Published December 22, 2004

By DYLAN DARLING

Crews working on a new fish ladder at the Link River Dam will take a break later this month while they wait on a final part for the project to arrive.

Work on the $3.2 million ladder is nearly done, but won't be complete until one last part is installed by crane in mid-January, said Cecil Lesley, water and land chief at the U.S. Bureau of Reclamation's Klamath Falls office.

"When that is in, it will be ready to rumble," he said.

Construction of the ladder, which started last summer, fell a couple of weeks behind schedule when work crews had trouble keeping water from busting through temporary dams put in to dry out the work site.

The dam problems were solved by August, and the ladder was supposed to be finished by year's end. The crews almost made that mark, but because of the unavailability of a control part of the dam, they will have to wait to finish in January.

Once completed, the 360-foot-long ladder will allow fish - including endangered Lost River and shortnose suckers - to climb the 10 feet needed to get from the Link River to Upper Klamath Lake.
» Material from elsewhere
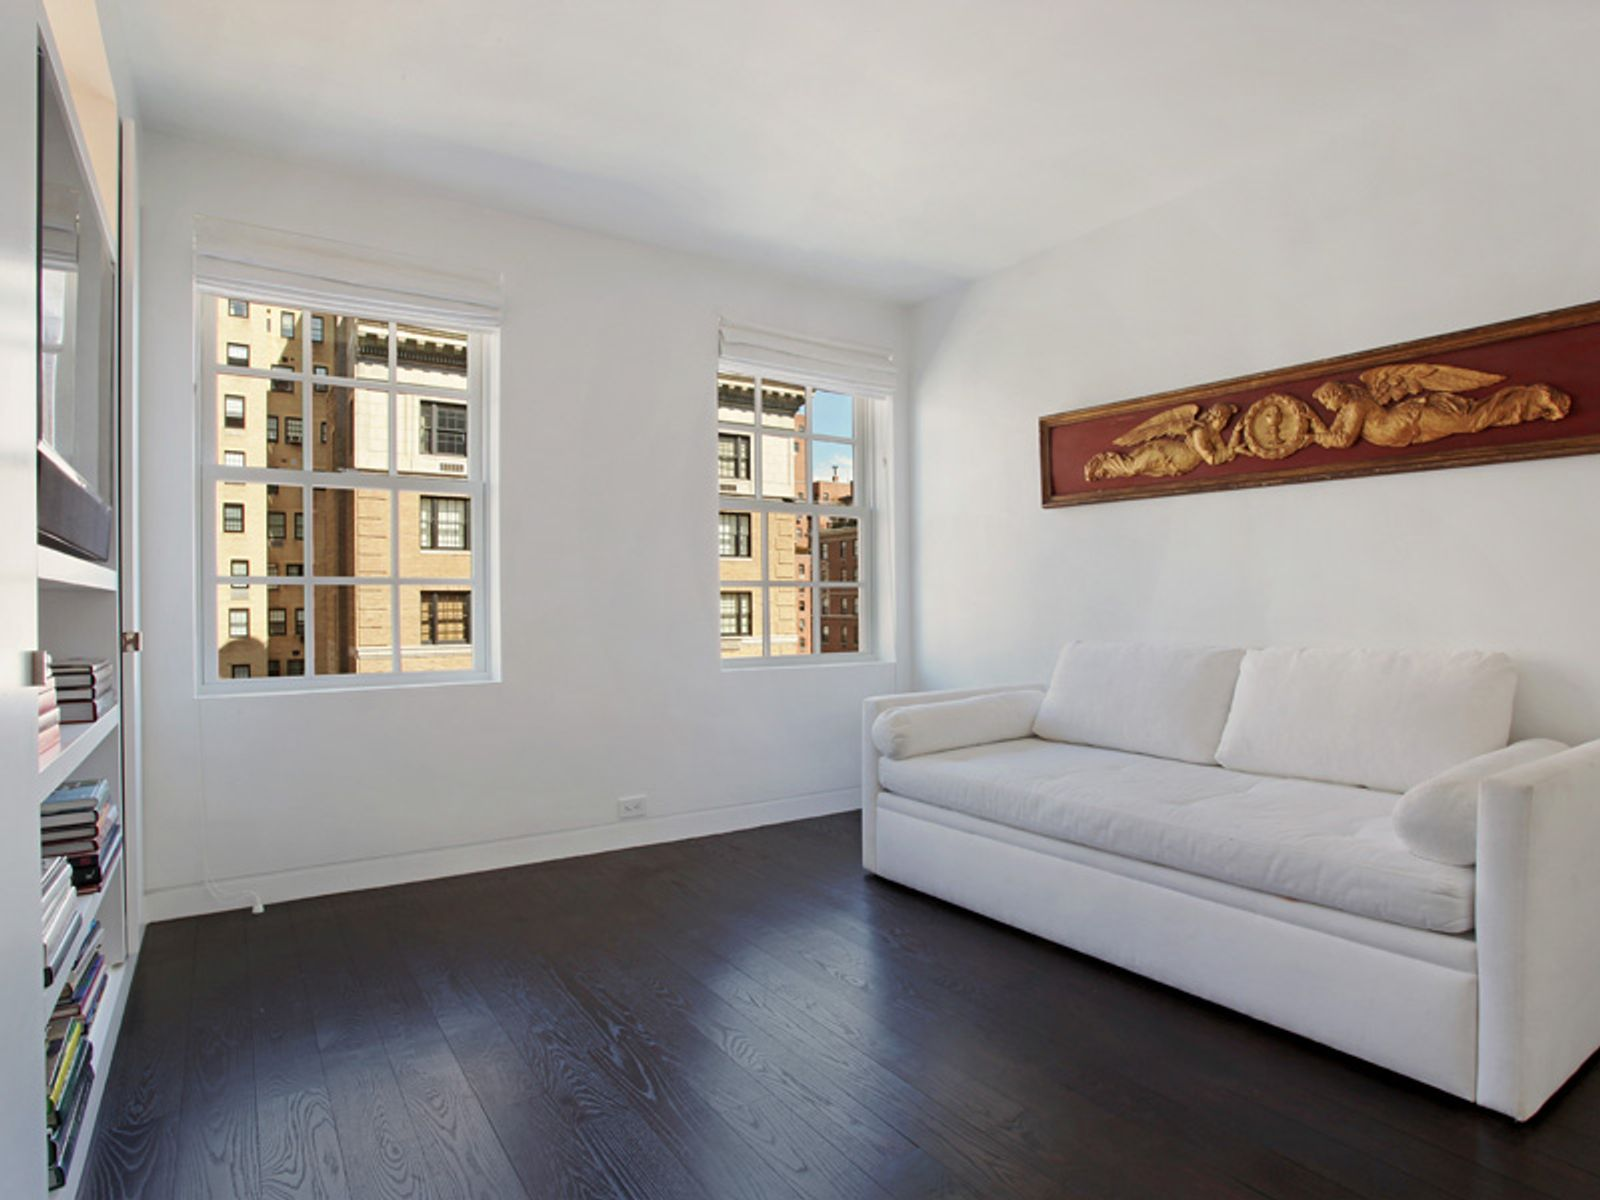 52 East 72nd Street, 15th Floor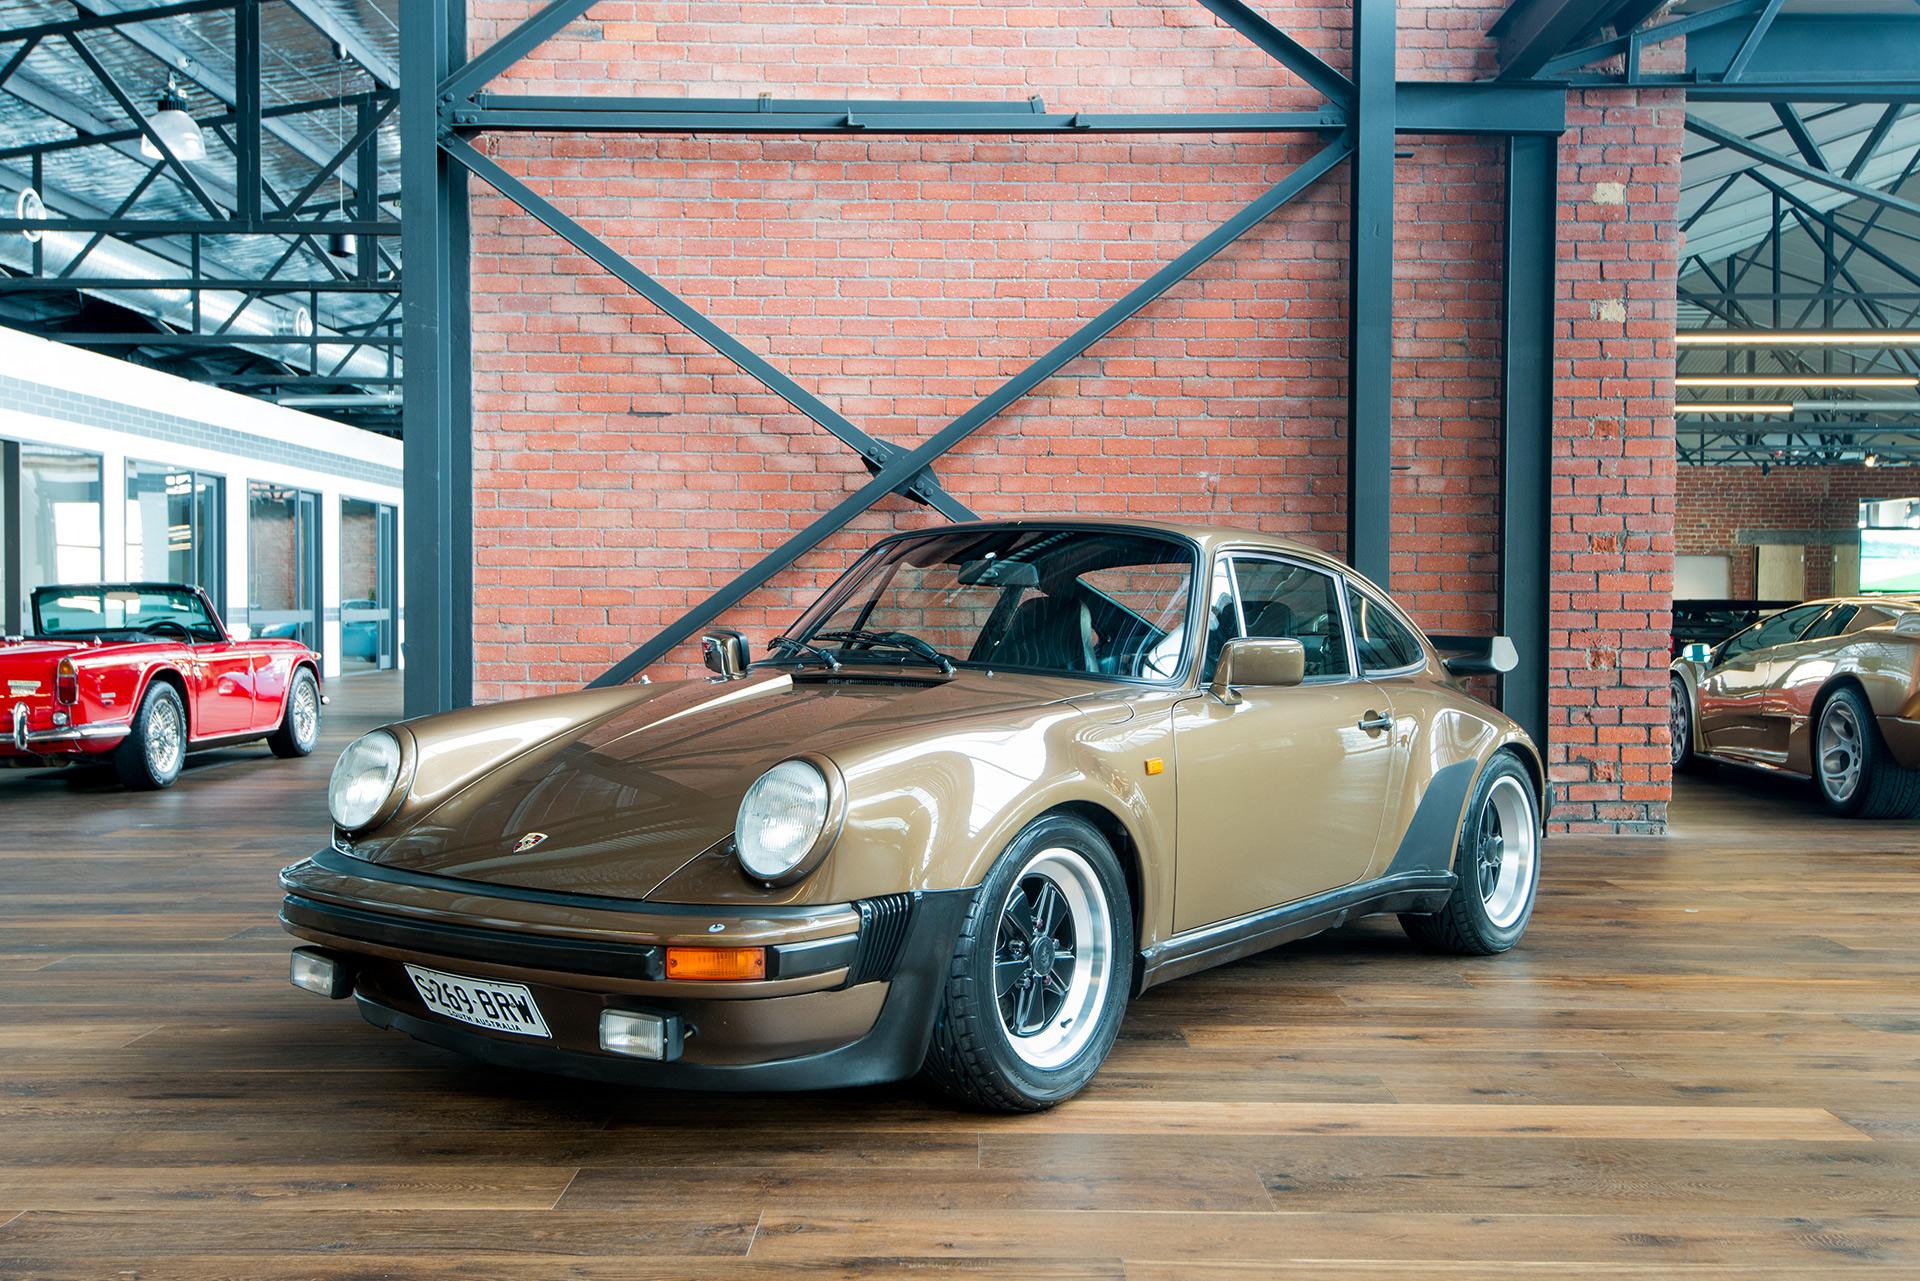 1980 Porsche 930 Turbo Richmonds Classic And Prestige Cars Storage And Sales Adelaide Australia

The same construction company, Slayden Construction of Stayton, that built the $16 million A-Canal headgates, is working on the concrete fish ladder.

Built in 1921, the Link River dam already has a fish ladder, which was designed to provide passage for redband trout and installed in 1926. Federal officials deemed the old ladder inadequate for sucker passage.

While the ladder has been under construction, the north half of the Link River Nature Trail has been closed. The section of trail was originally going to open again late this month, but will remain closed until the construction is finished, officials said.